The Chileans, who are the best known of these economists because they were the most numerous and successful, were tagged “Chicago Boys” because most were men trained at the University of Chicago (UC). (The tag came from one of the Chilean women economists in Chicago.) These economists implemented revolutionary changes in Chile’s economy between 1975 and 1990 that laid the foundations for the most stable and productive internationally integrated market economy in Latin America during the modern era. This Chilean experience has attracted the attention of governments from Latin America, Russia and former Communist Eastern Europe to Hong Kong and the People’s Republic of China (PRC). The PRC, rapidly expanding its trade relations in Latin America, recognized Chile’s economy as the most effective and stable in the region and in 2006 signed its first bilateral free trade agreement in the Latin world with Santiago. Chile now exports more to China than it does to the United States.

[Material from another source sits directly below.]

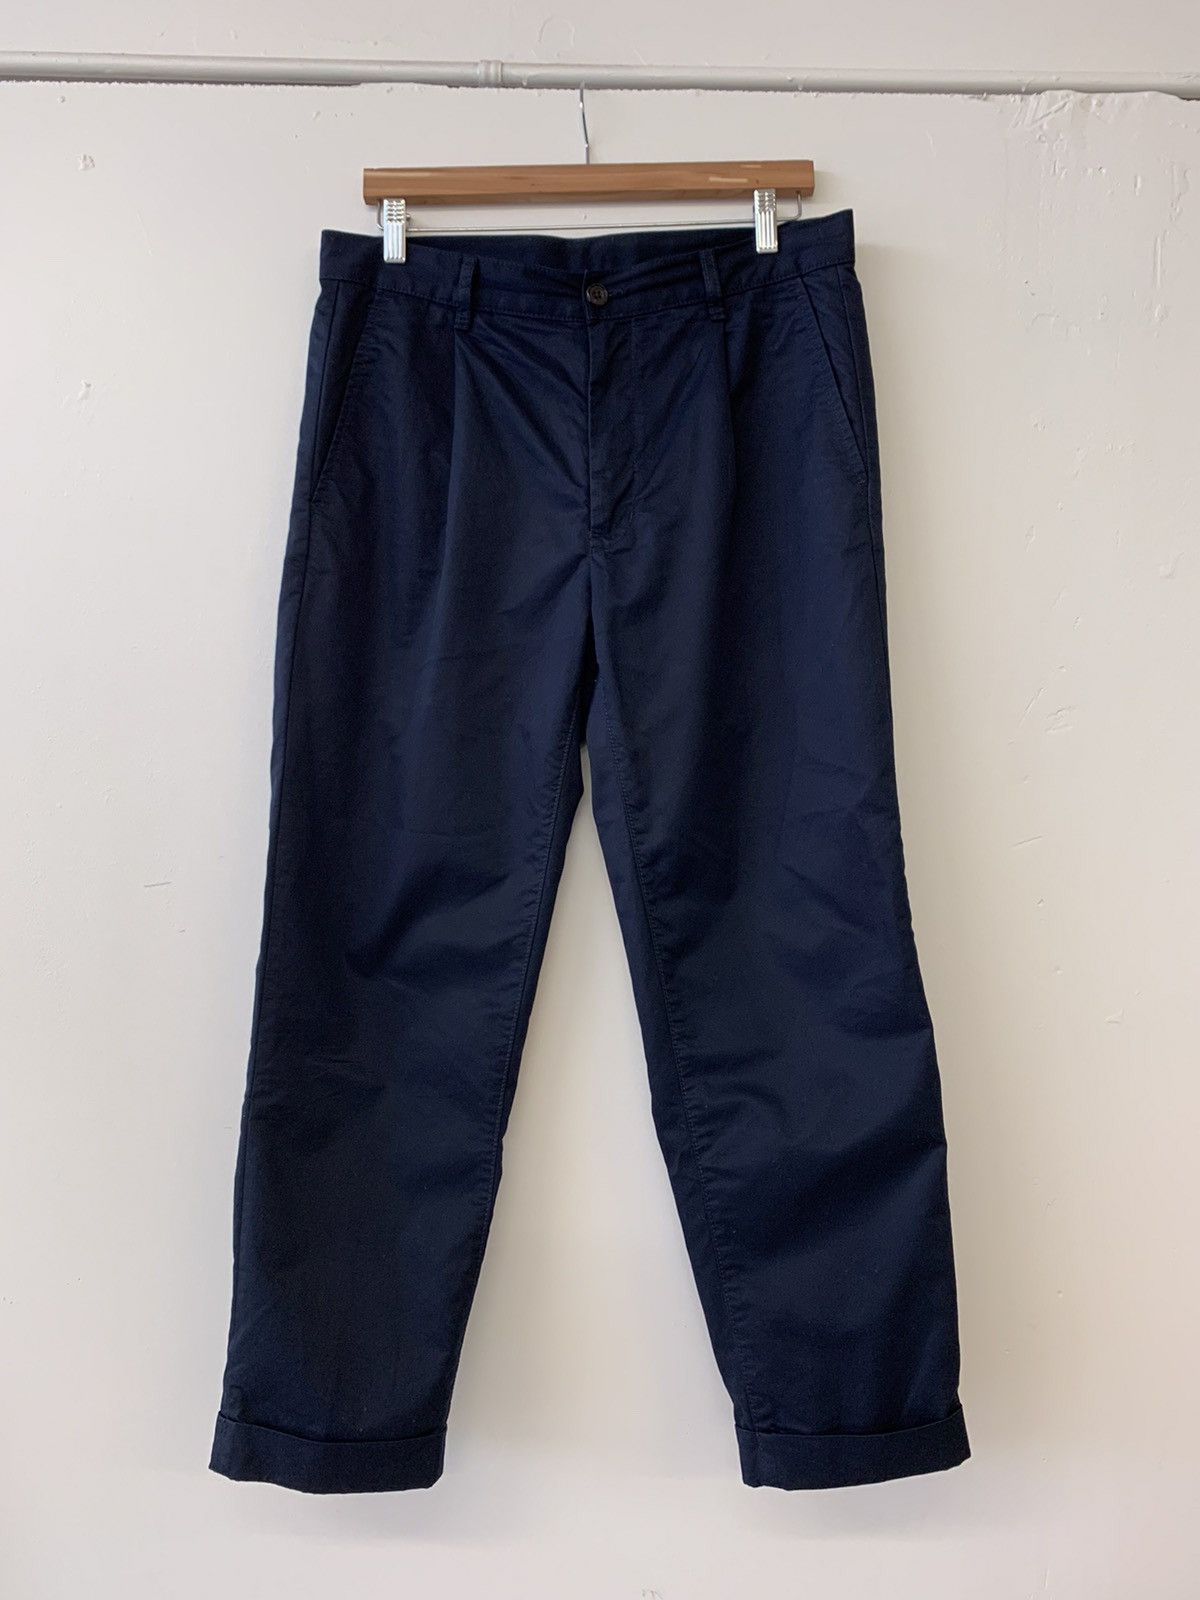 Beams Plus 1 Pleat 80/3 Twill Cotton Trousers | Grailed

The educational program that trained these economists was launched in the late 1950s by the US government, supported by the Ford Foundation, and over the decades trained dozens of Latin American students, particularly Chileans at UC. Many of these graduates became professors of economics at the Pontifical Catholic University of Chile (PUC) in Santiago, which, beginning in 1975, became the epicenter of national reform.

Alito (as Harberger is known in Latin America) was a guest at the Hoover Institution for a week in late June to examine the Hoover Archives collection and give interviews on the Chicago Boys and related projects. Harberger taught for decades at UC but, beginning in 1984, moved to UCLA, though still teaching for a while at UC. As a professor and private consultant with international development agencies, Harberger is renowned for successfully relating the fundamentals of economics to the challenges and needs of the real world through his enthusiastic hands-on involvement and his pioneering studies on taxation, development, cost-benefit analysis, and trade policy. These varied studies and Harberger’s rich sense of humor led to a well-attended lecture at Hoover in June entitled “Real-World Fun and Games with Money and Exchange Rates.” Although best known for his work with Chilean reformers, he also worked on shorter-term projects with reformers from all parts of the world. Harberger is a former president of the American Economic Association. At UCLA, since 1997 the Arnold C. Harberger Distinguished Lecture on Economic Development series has featured the top developmental economists in the world.